Lane Kiffin is reportedly leaving Ole Miss for LSU, and the timing couldn’t be worse. The Rebels are 11-1 and heading to the College Football Playoff, yet their head coach is apparently ready to jump ship. This is Kiffin’s best season ever as a head coach, but he’s still walking away. The message is clear: he doesn’t think Ole Miss can win a national championship.
Leaving for a direct SEC rival is a harsh rejection. Kiffin is basically saying he can’t win the big one in Oxford, Mississippi. According to CBS Sports, he might want to coach in the playoff, but that doesn’t mean he has any loyalty to the program that rebuilt his career.
The irony here is impossible to ignore. Ole Miss is where Kiffin turned his career around after years of failure. He left Tennessee after just one 7-6 season. USC fired him on an airport tarmac. Even Nick Saban fired him before a national championship game because Kiffin couldn’t balance being offensive coordinator while taking the FAU head coach job.
Ole Miss gave Kiffin everything he needed to succeed
Other than his time at FAU, Ole Miss is the only place where Kiffin found real success as a head coach. The program welcomed his unusual personality with open arms. Athletic Director Keith Carter let Kiffin run things his way. The school’s NIL collective became one of the best in college football, helping the Rebels land great transfer portal classes year after year.
Yes, Ole Miss doesn’t have the same recruiting power or history as Georgia, Alabama, or LSU. They usually get top 20 recruiting classes instead of top 10. But Kiffin isn’t a recruiting machine like Saban or Kirby Smart anyway. He’s a flashy coach who wins on social media and focuses on the transfer portal, which worked perfectly for Ole Miss fans.
That’s what makes this situation so strange. Kiffin seemed to have found the perfect fit in Oxford. The fans loved him more than anyone else ever did. His son’s recent appearance at a playoff game may have already hinted at this move. It raises the question of why he doesn’t believe in himself more. The Rebels are just four wins away from a national championship.
Kiffin has posted four double-digit win seasons in his last five years at Ole Miss. LSU took 13 years to get that many double-digit win seasons. If Kiffin wants the LSU job, he should leave for Baton Rouge right now. He shouldn’t get to coach Ole Miss in the playoff after rejecting them so publicly.

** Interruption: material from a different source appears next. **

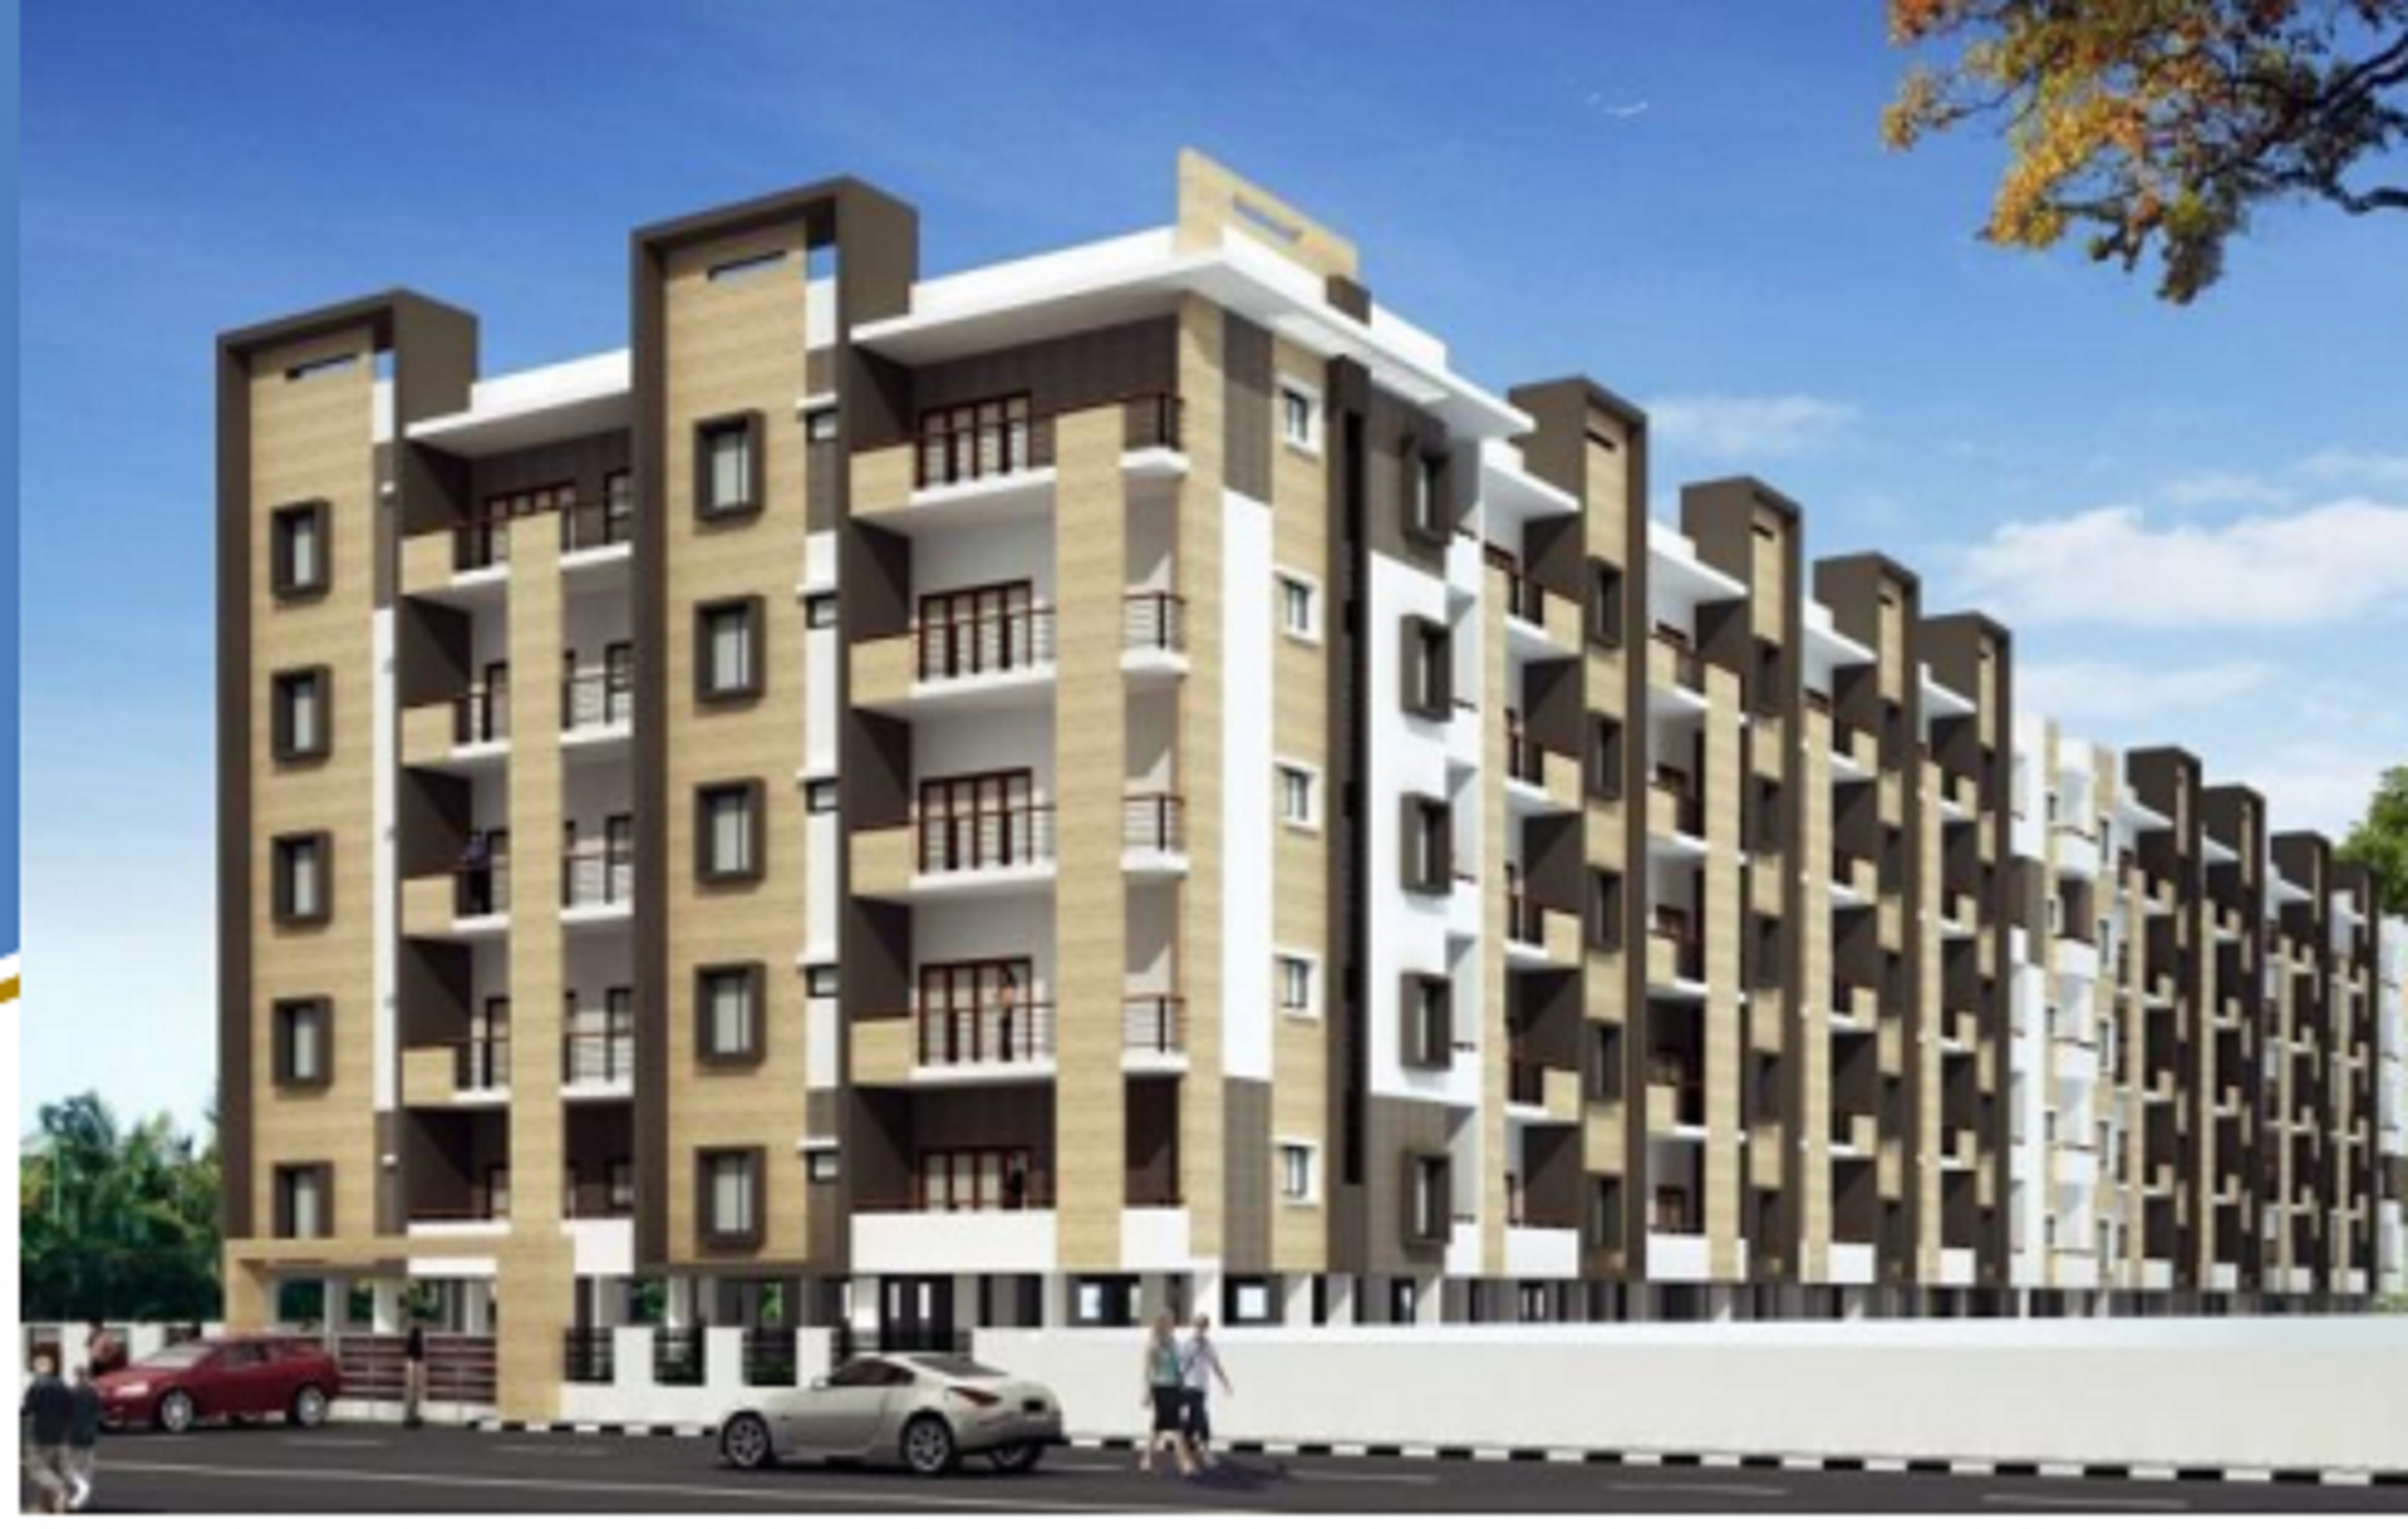 GLADIO: Welcome to 'Gladio', a gated community condo located @ GR Reddy Nagar, Off.Saket, Kapra, offering105 classic 2 & 3 BHK apartments, loaded with ...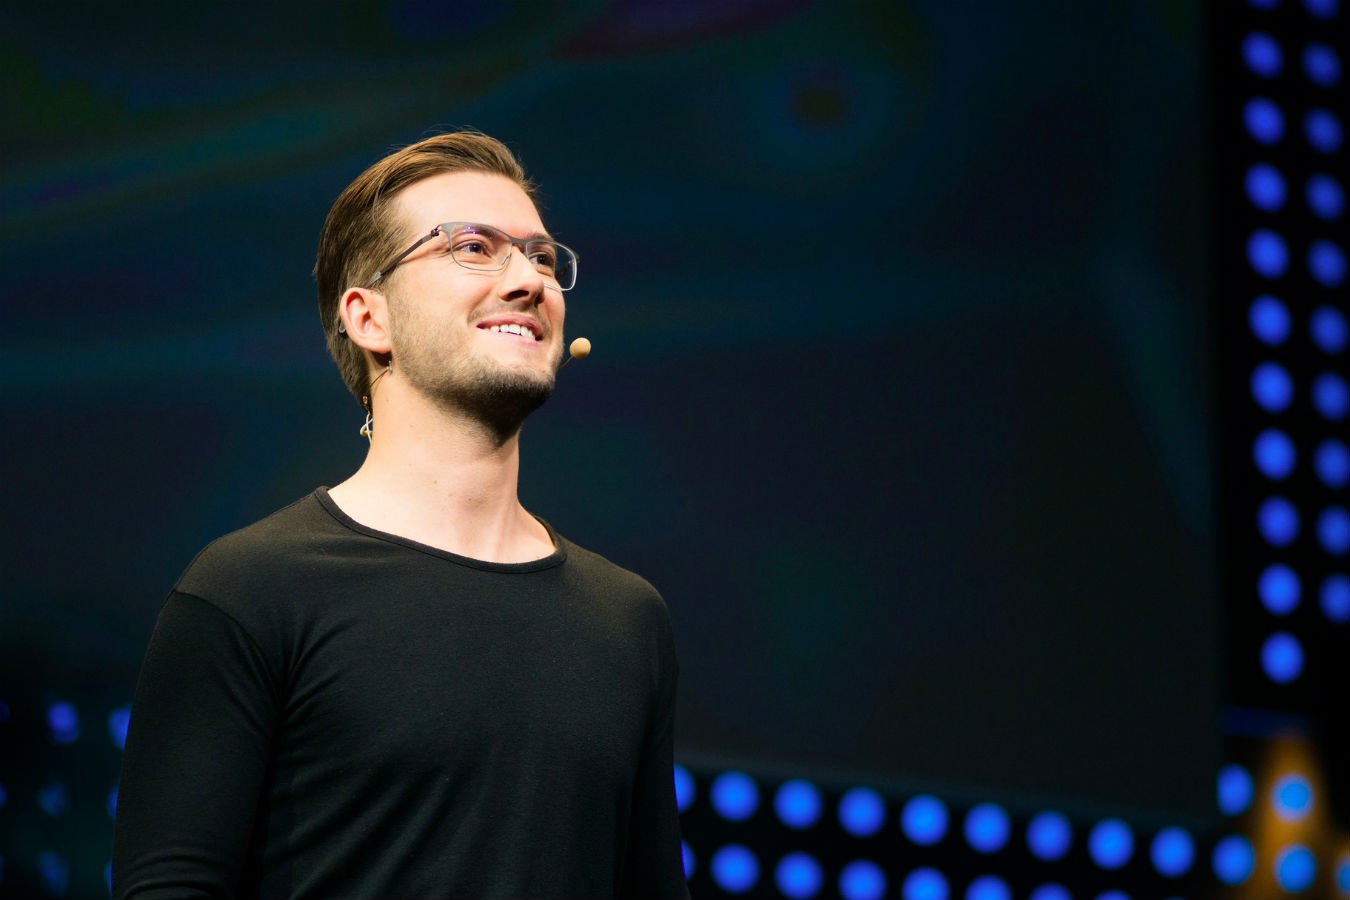 SoundCloud CEO answer the audience's question at tech conference

Teams need belief, and if the head coach has already mentally moved to a rival school, that belief disappears. Ole Miss should let Pete Golding or Joe Judge coach the team in the playoff instead. Asking Ole Miss to let him finish the season before leaving for an SEC competitor is unreasonable. Especially since many of his current players might follow him to LSU, creating legal and financial complications like other college football stars have faced.
The move to Baton Rouge will be a huge change for Kiffin. LSU expects elite recruiting classes every year, and every recruiting battle matters deeply to their fans. That pressure will be much harder than what he dealt with in Oxford. So letting him coach the Rebels in the playoff makes no sense when he’s already shown he has no faith in the program.